* EXERCISE INPUTS *
________

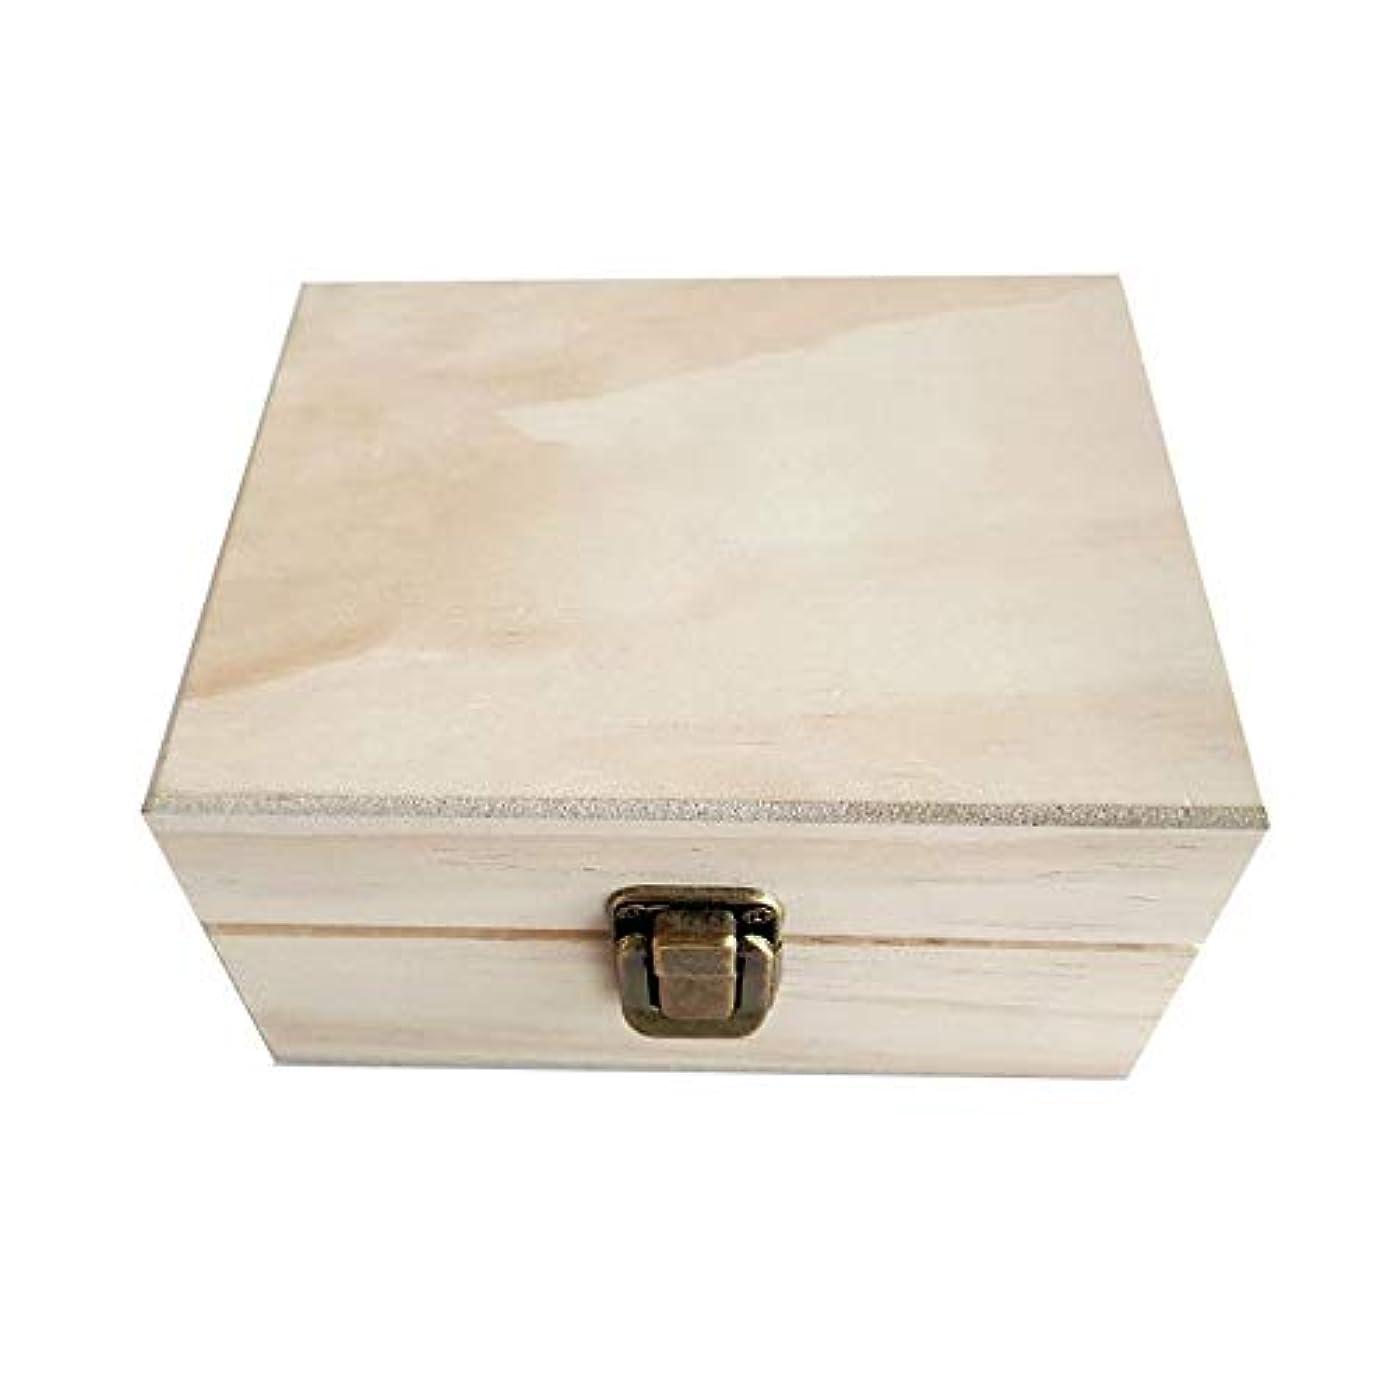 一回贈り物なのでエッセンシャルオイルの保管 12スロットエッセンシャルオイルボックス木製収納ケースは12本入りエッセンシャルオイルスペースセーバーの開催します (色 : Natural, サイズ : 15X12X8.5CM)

________

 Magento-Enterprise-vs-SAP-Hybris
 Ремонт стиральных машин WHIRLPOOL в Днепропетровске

________

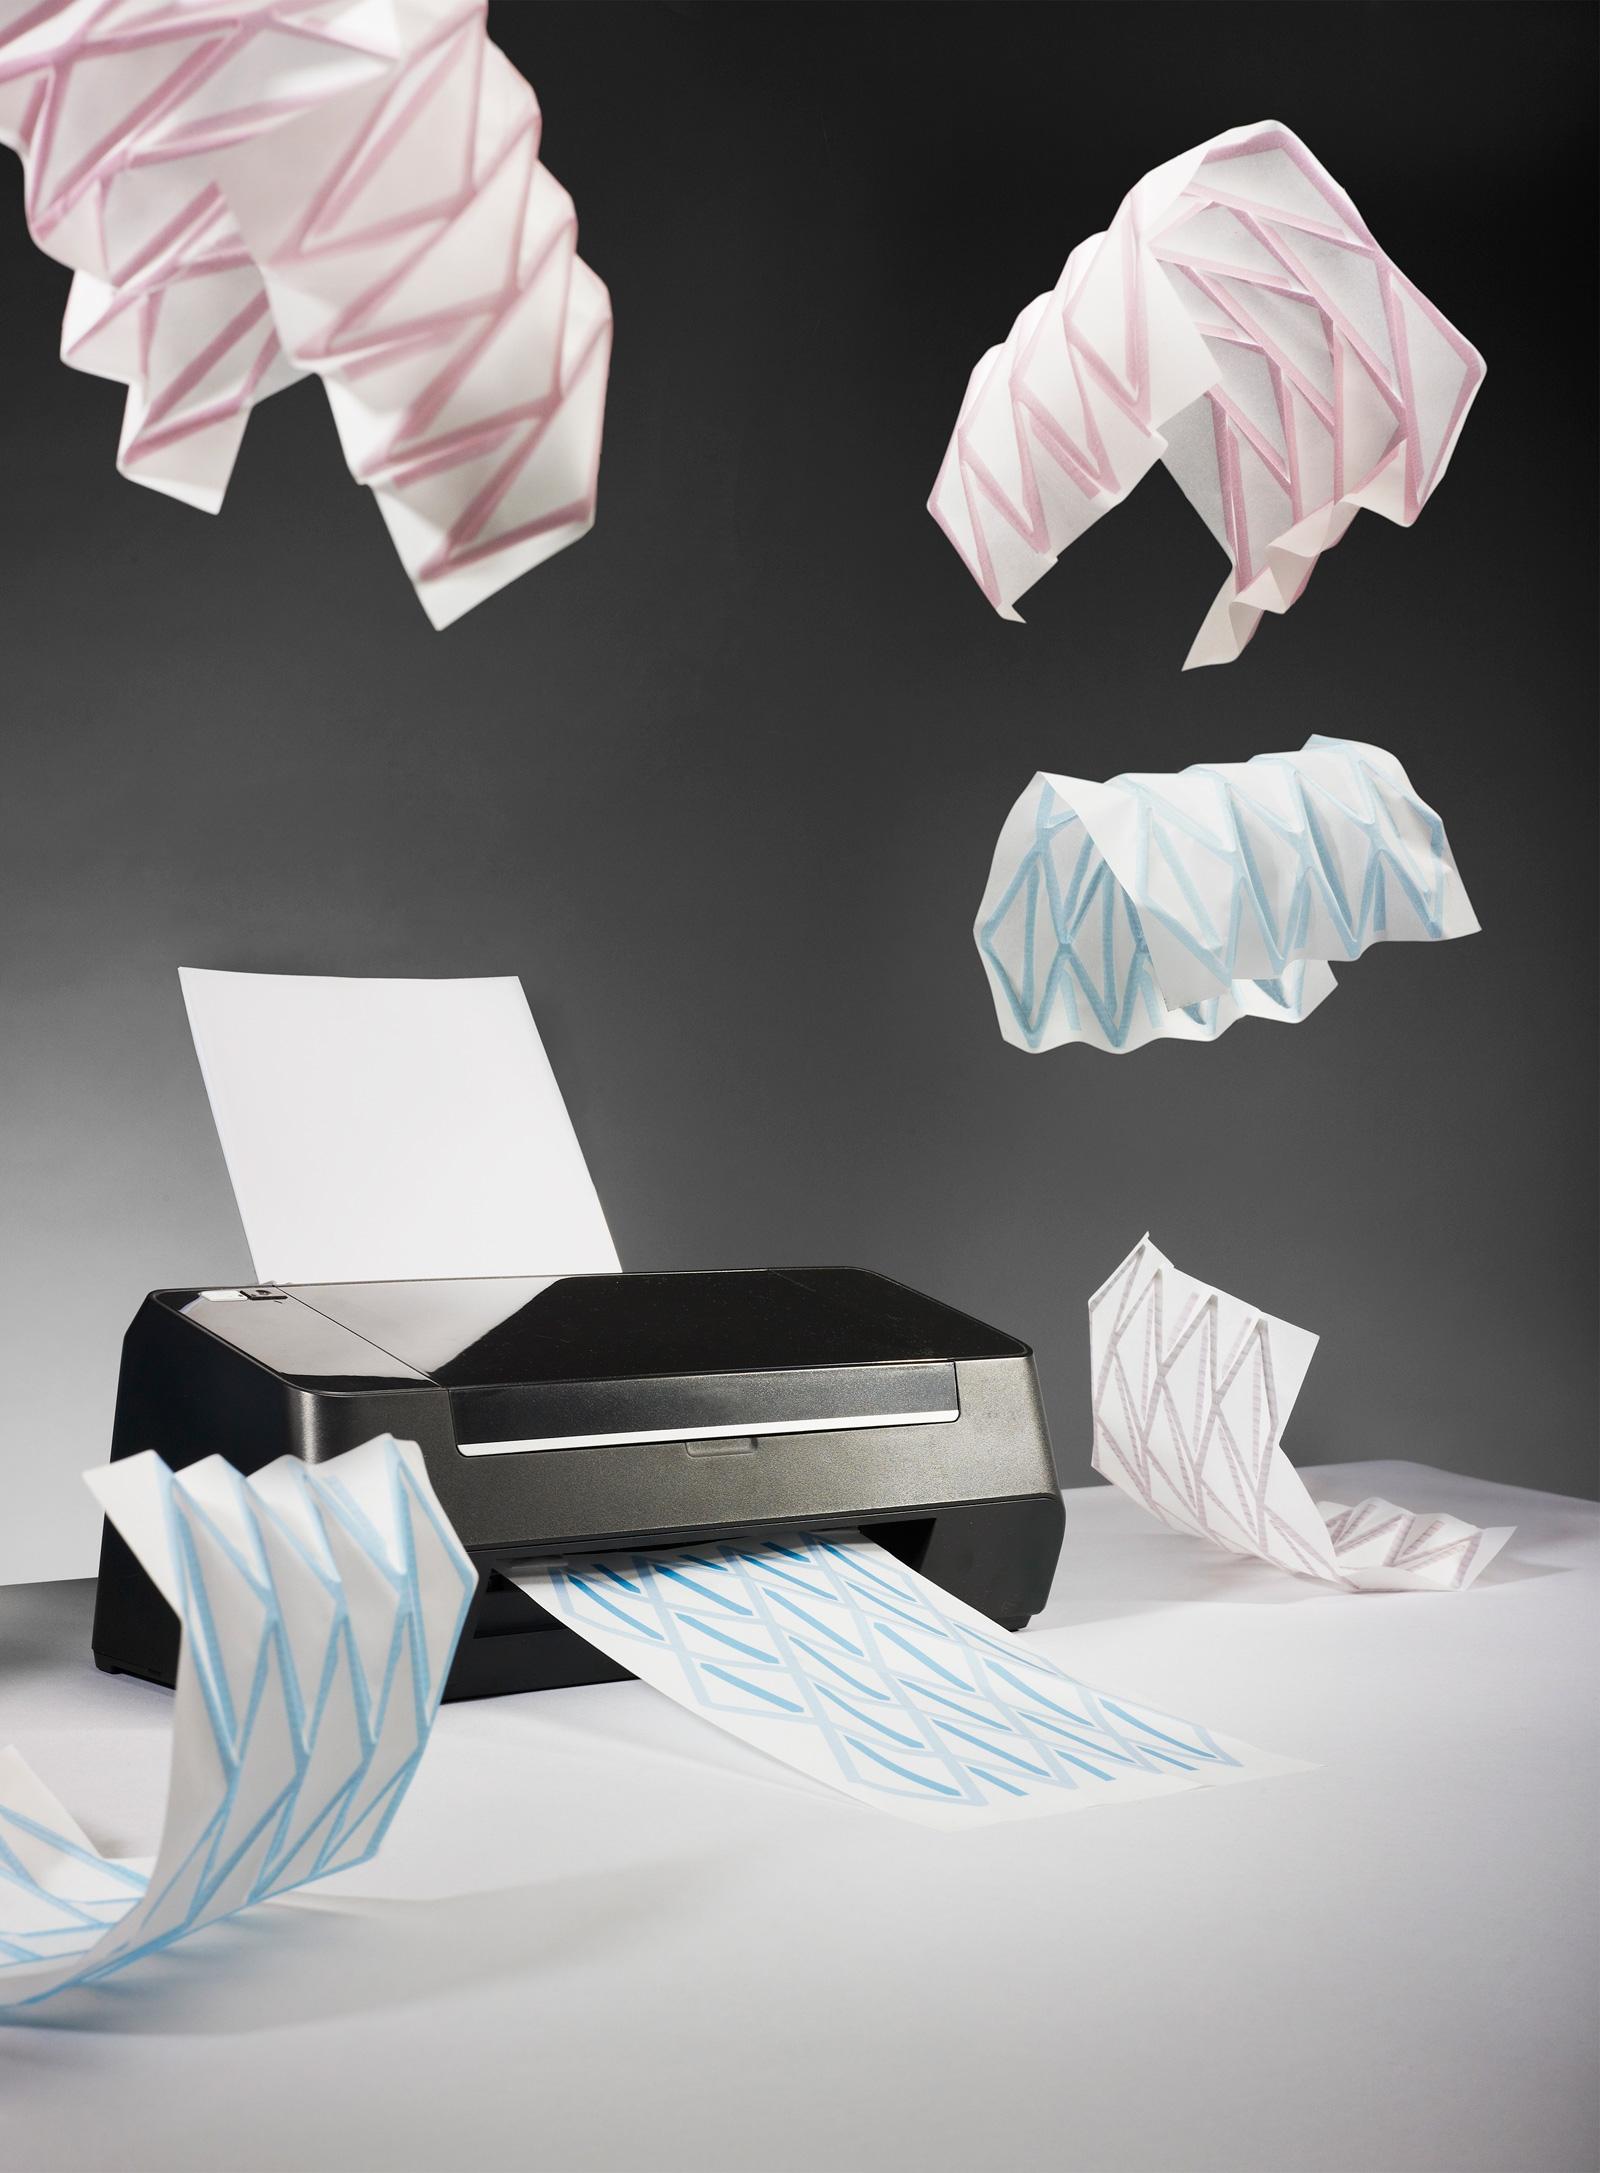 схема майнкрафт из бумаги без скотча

________

Print exactly the lines above, between the one holding "Magento-Enterprise-vs-SAP-Hybris" and the one holding "Ремонт стиральных машин", inclusive, and nothing besides.

* RESULT FOR THIS TASK *
 Magento-Enterprise-vs-SAP-Hybris
 Ремонт стиральных машин WHIRLPOOL в Днепропетровске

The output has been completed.